Here is my gear I'll be heading to the woods with in the morning, I've taken a big step back in time this year. The bow is an Osage Selfbow built here in Texas from Texas wood. The Arrows are all Sitka Spruce with two style of Trade Points and two Stone points. I'm really excited and can't wait till morning comes tomorrow.

What are y'all carrying?


----------



## TxBrewer (Jul 23, 2011)

Very very cool setup. 

Besides my bow and release I will have a rangefinder, small LED light, and some granola.


----------



## slabnabbin (May 25, 2010)

I'll be carrying something a little more modern. Destroyer slinging fmj's with rages


----------



## rubberducky (Mar 19, 2010)

I will be carrying my butt to work lol.
Good luck guys
James


Sent from my iPhone using Tapatalk because Reeltime told me to


----------



## sir catches alot (Jun 23, 2011)

Hoyt Vectrix. Hands down to your setup,I would starve to death without quick release,peep,carbon arrows, range finder etc.


----------



## oakforestmx (Feb 9, 2011)

slabnabbin said:


> I'll be carrying something a little more modern. Destroyer slinging fmj's with rages


:cheers:


----------



## bountyhunter (Jul 6, 2005)

sir catches alot said:


> Hoyt Vectrix. Hands down to your setup,I would starve to death without quick release,peep,carbon arrows, range finder etc.

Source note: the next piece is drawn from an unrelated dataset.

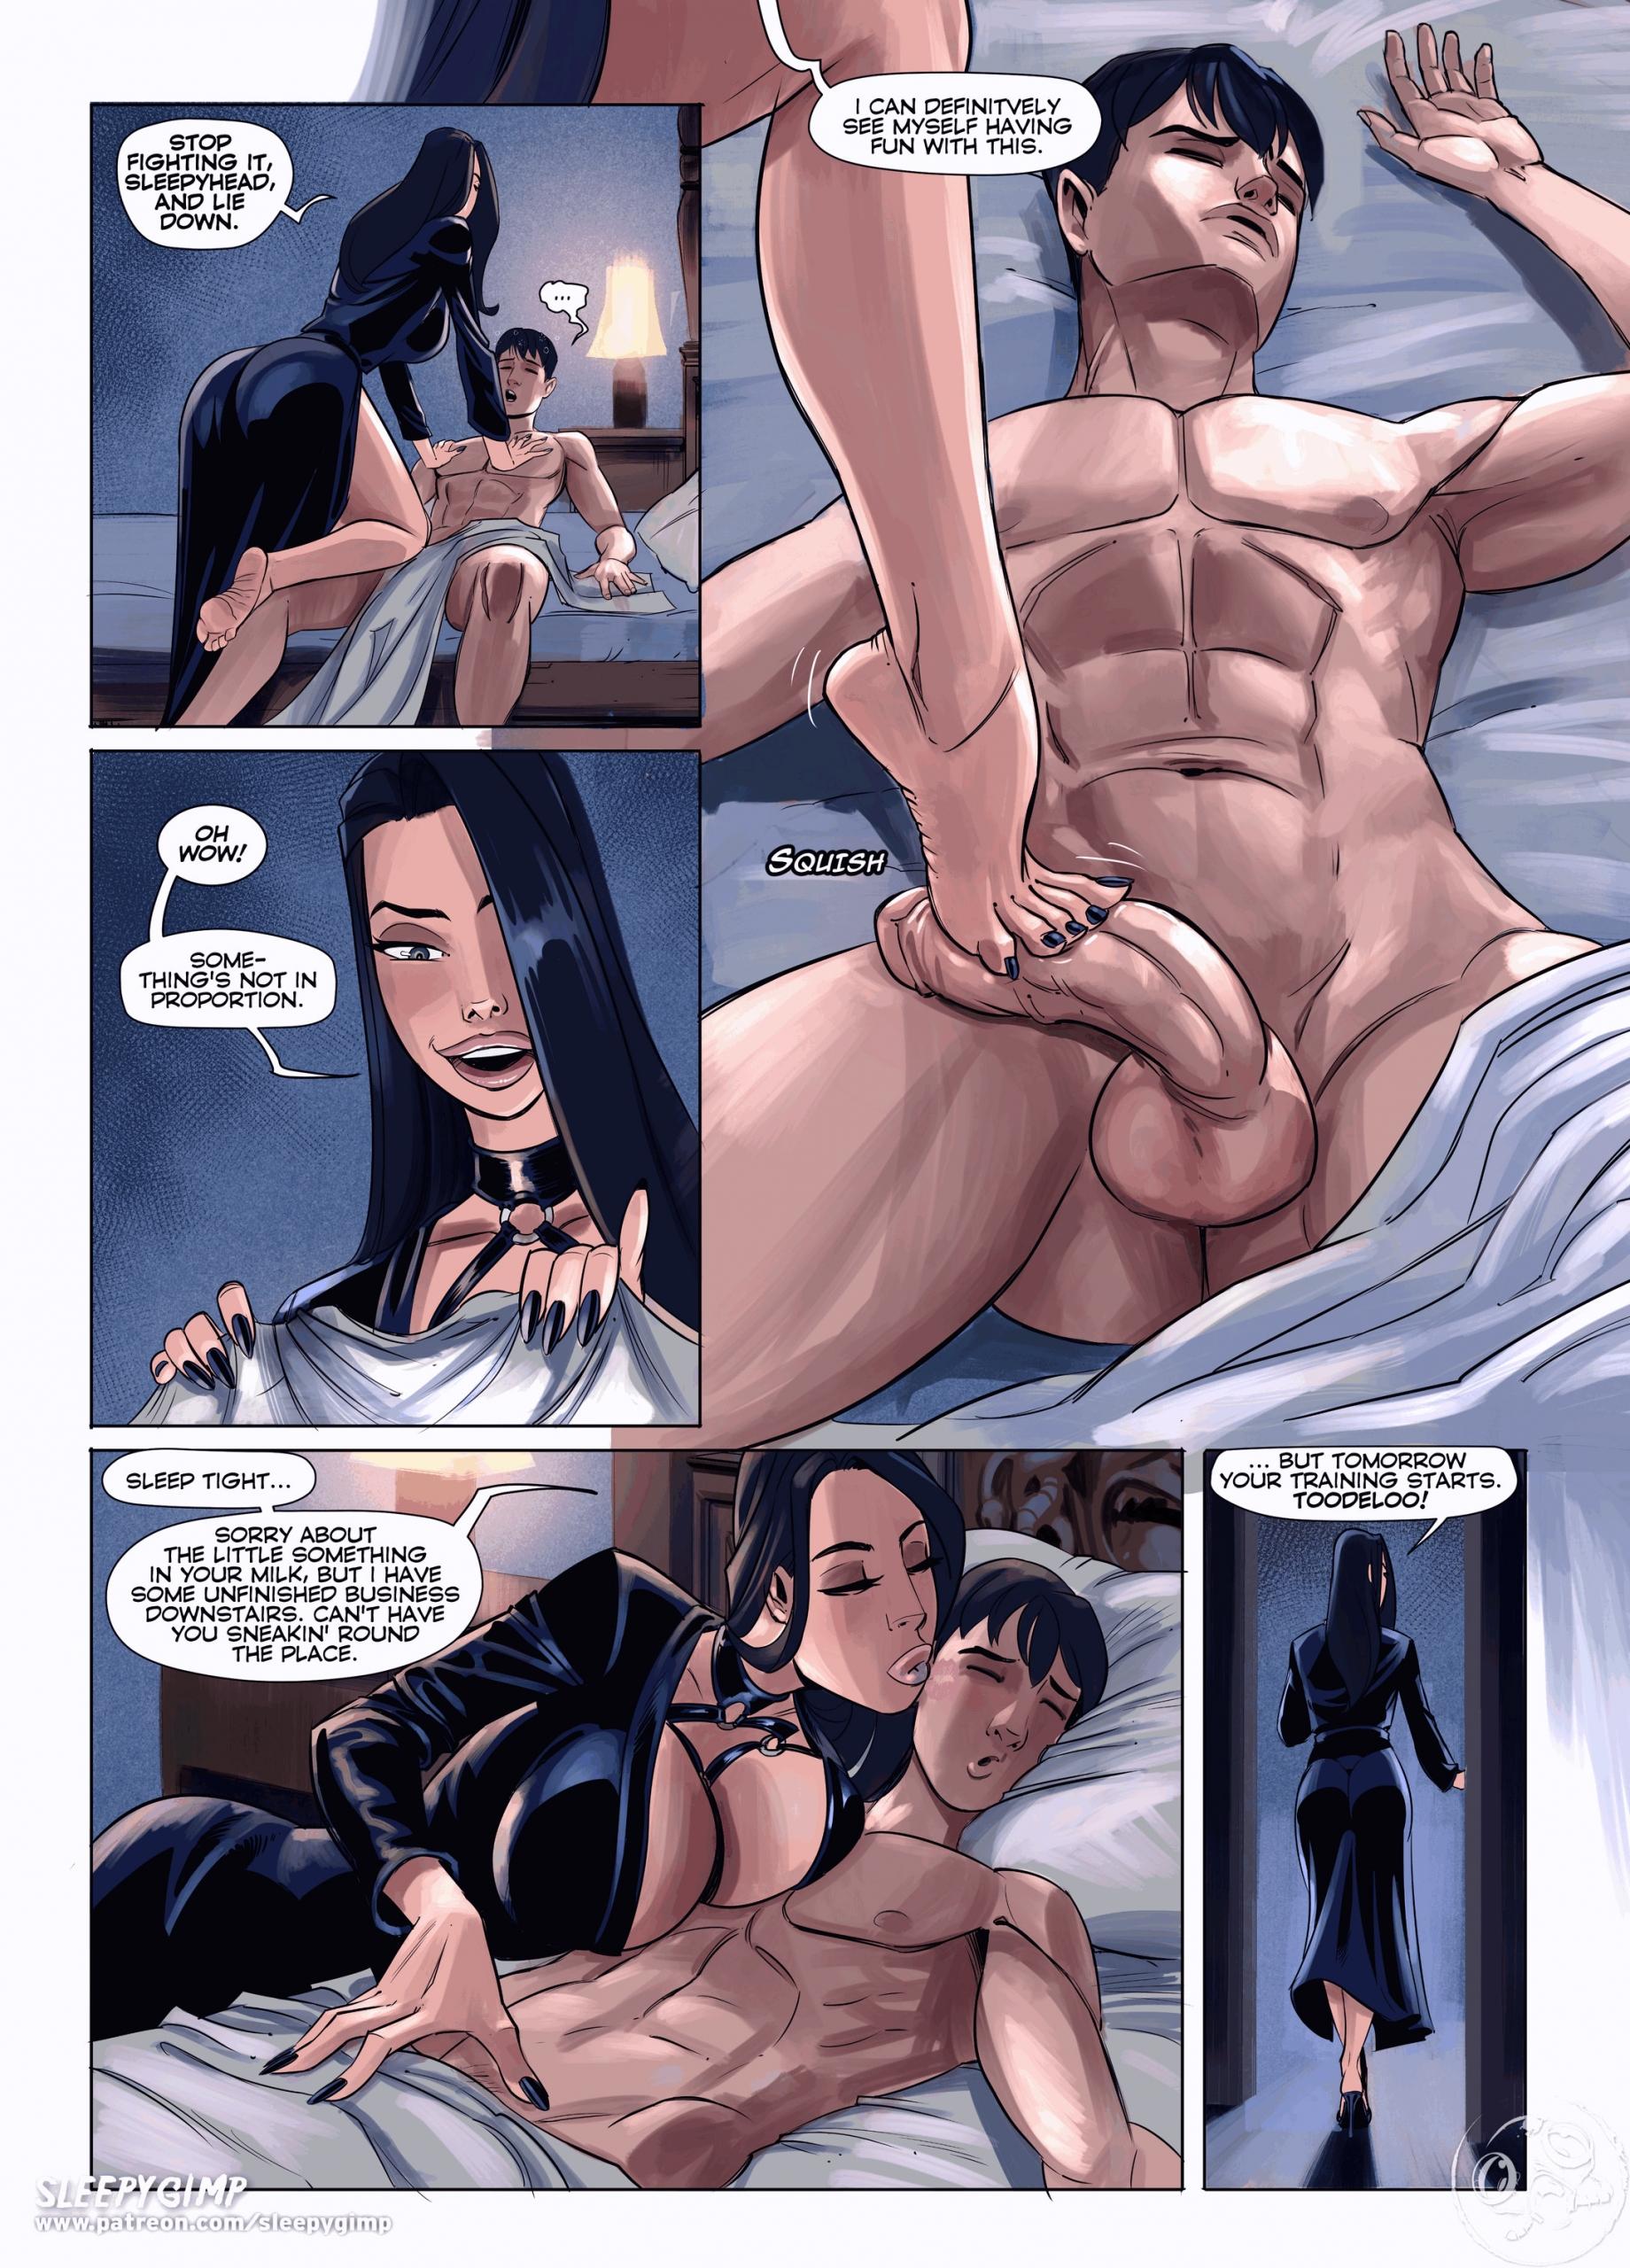 SleepyGimp porn comic page 00011

Naw, all it takes is time, practice, and being really hardheaded at times. Anyone can shoot traditional gear if they set their mind to wanting to do it.

Good luck though, we are all brothers/sisters of the bow, no matter what type we use to throw an arrow.


----------



## dc1502 (May 25, 2006)

Here is my rig for this season.....................


----------



## berto (Oct 14, 2004)

Well my little girl wakes up at 5 to eat im willing to bet ill be holding her. 

This year the z7 tactical will have to sit on the back burner .


----------



## cajunasian (Mar 7, 2007)

My DXT with Gold tip arrows capped off with 2 bladed rage. My thermo-cell and my Kimber .45.


----------



## xtreme (Jan 9, 2010)

I have to get up and go to a strip club at 7 am to fix the LED bottle racks that they shorted out yesterday.


----------



## Miles2Fish (Dec 2, 2008)

I will be carrying an Evotek bow made in Conroe TX shooting Rage 2" mechanicals...


----------